◆ What the task asks:
No pictures go into the copy. Write out every line below exactly.

◆ Information shown:

++++++++++

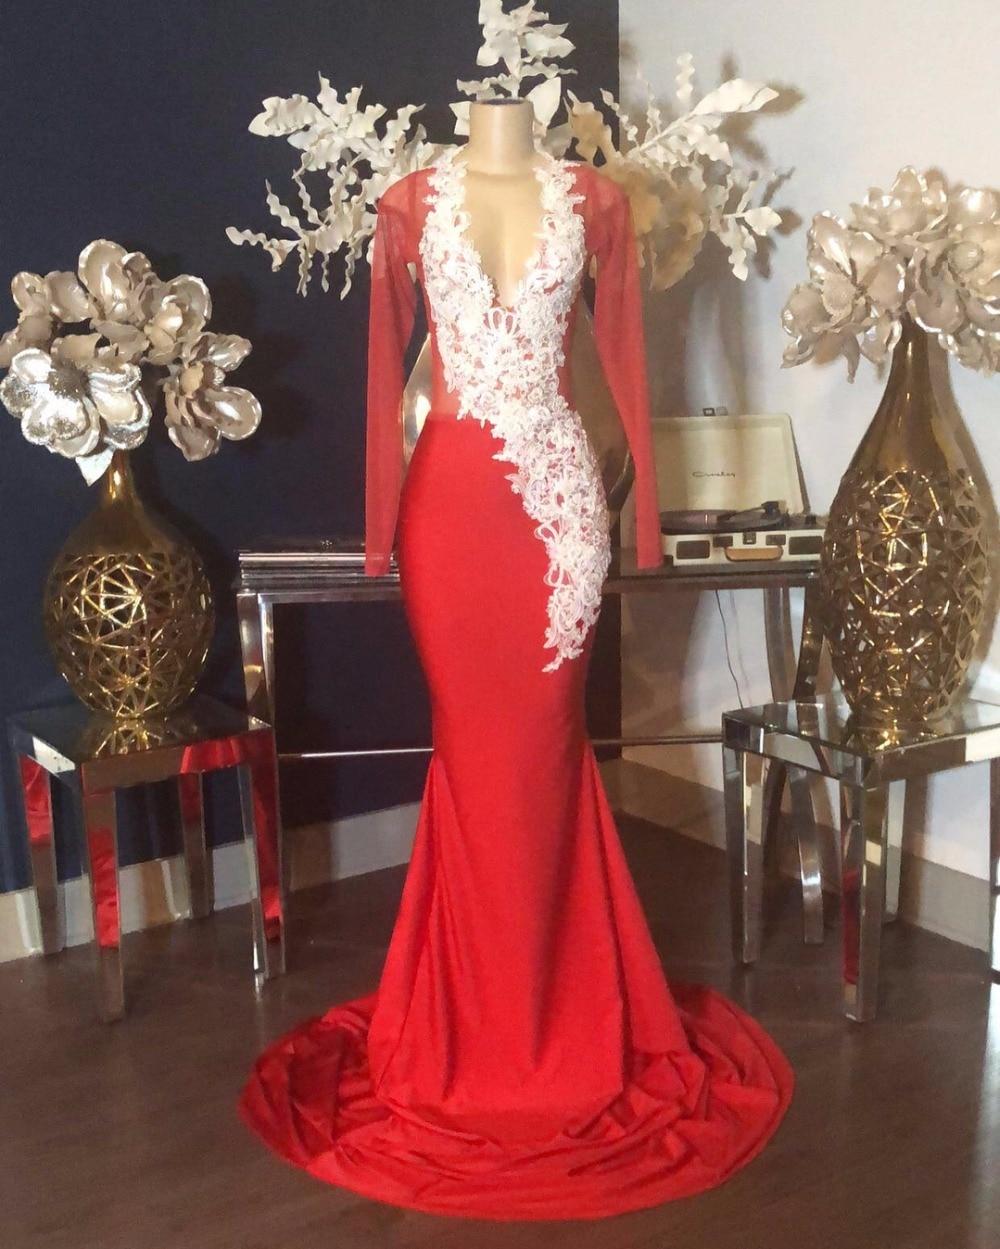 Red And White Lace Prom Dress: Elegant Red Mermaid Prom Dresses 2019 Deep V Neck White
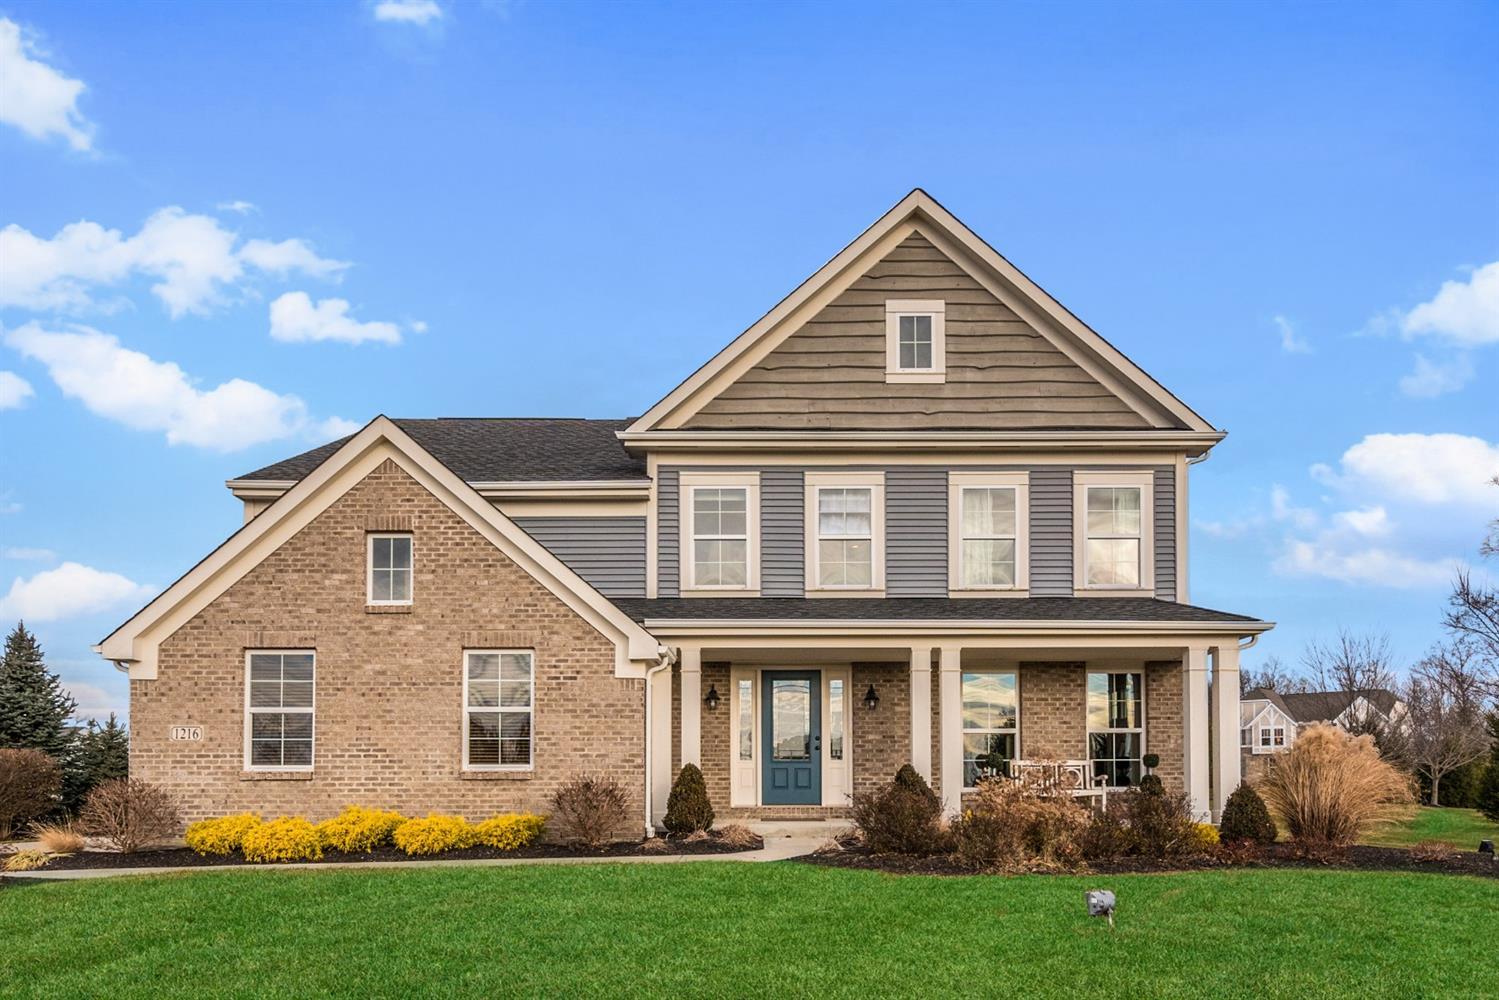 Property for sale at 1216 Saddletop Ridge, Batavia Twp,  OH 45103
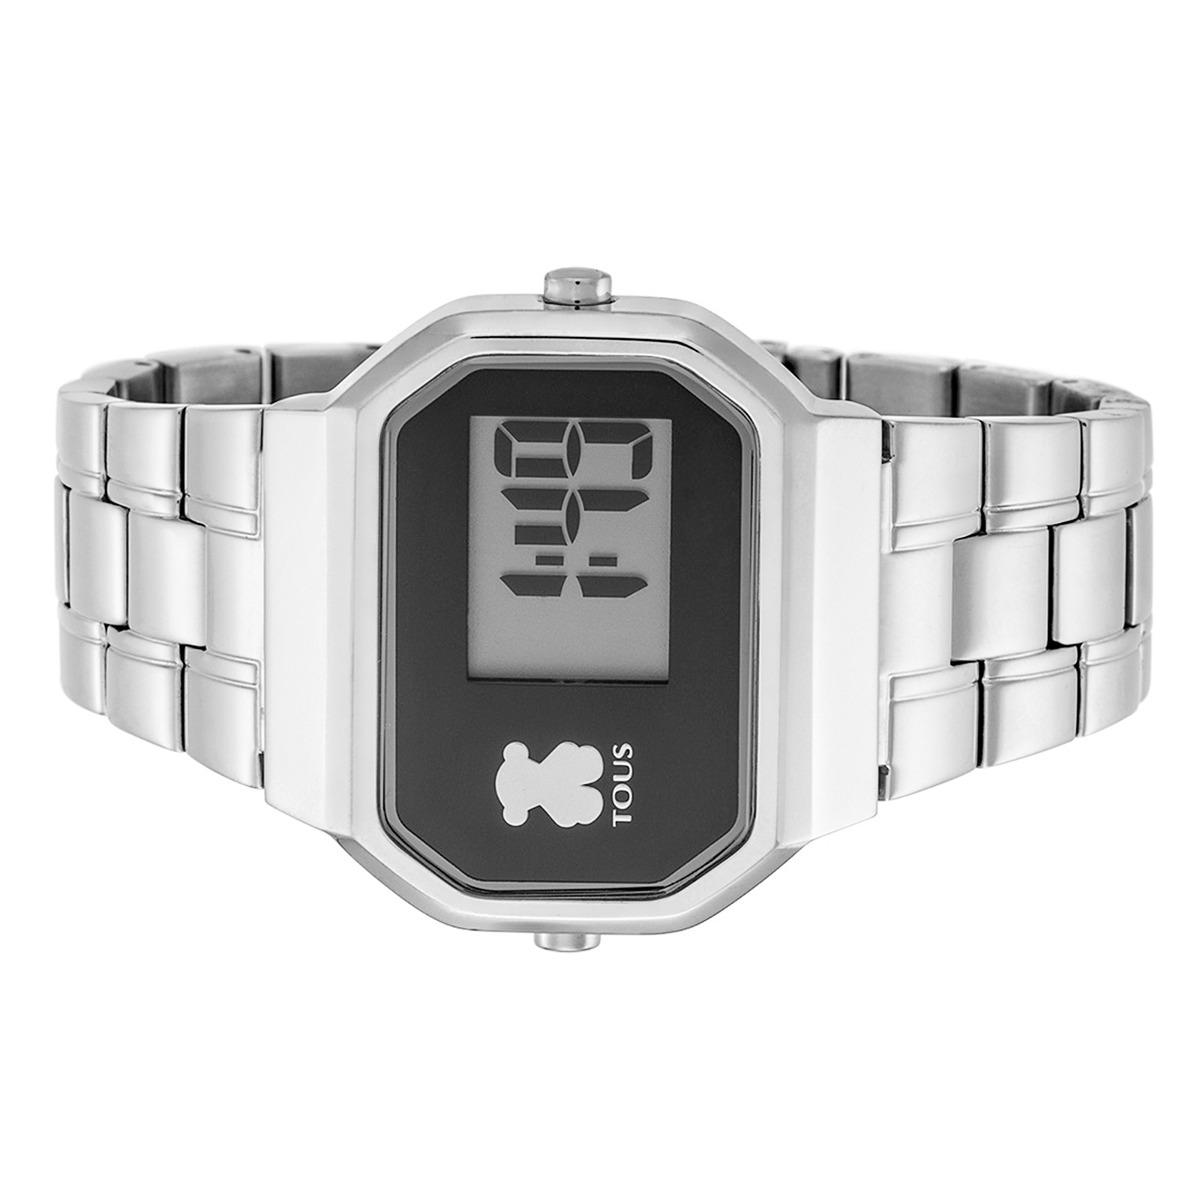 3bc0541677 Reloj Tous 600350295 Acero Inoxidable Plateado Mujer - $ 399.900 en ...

++++++++++

◆ Result of this exercise:
 Red And White Lace Prom Dress: Elegant Red Mermaid Prom Dresses 2019 Deep V Neck White
 Property for sale at 1216 Saddletop Ridge, Batavia Twp,  OH 45103
 3bc0541677 Reloj Tous 600350295 Acero Inoxidable Plateado Mujer - $ 399.900 en ...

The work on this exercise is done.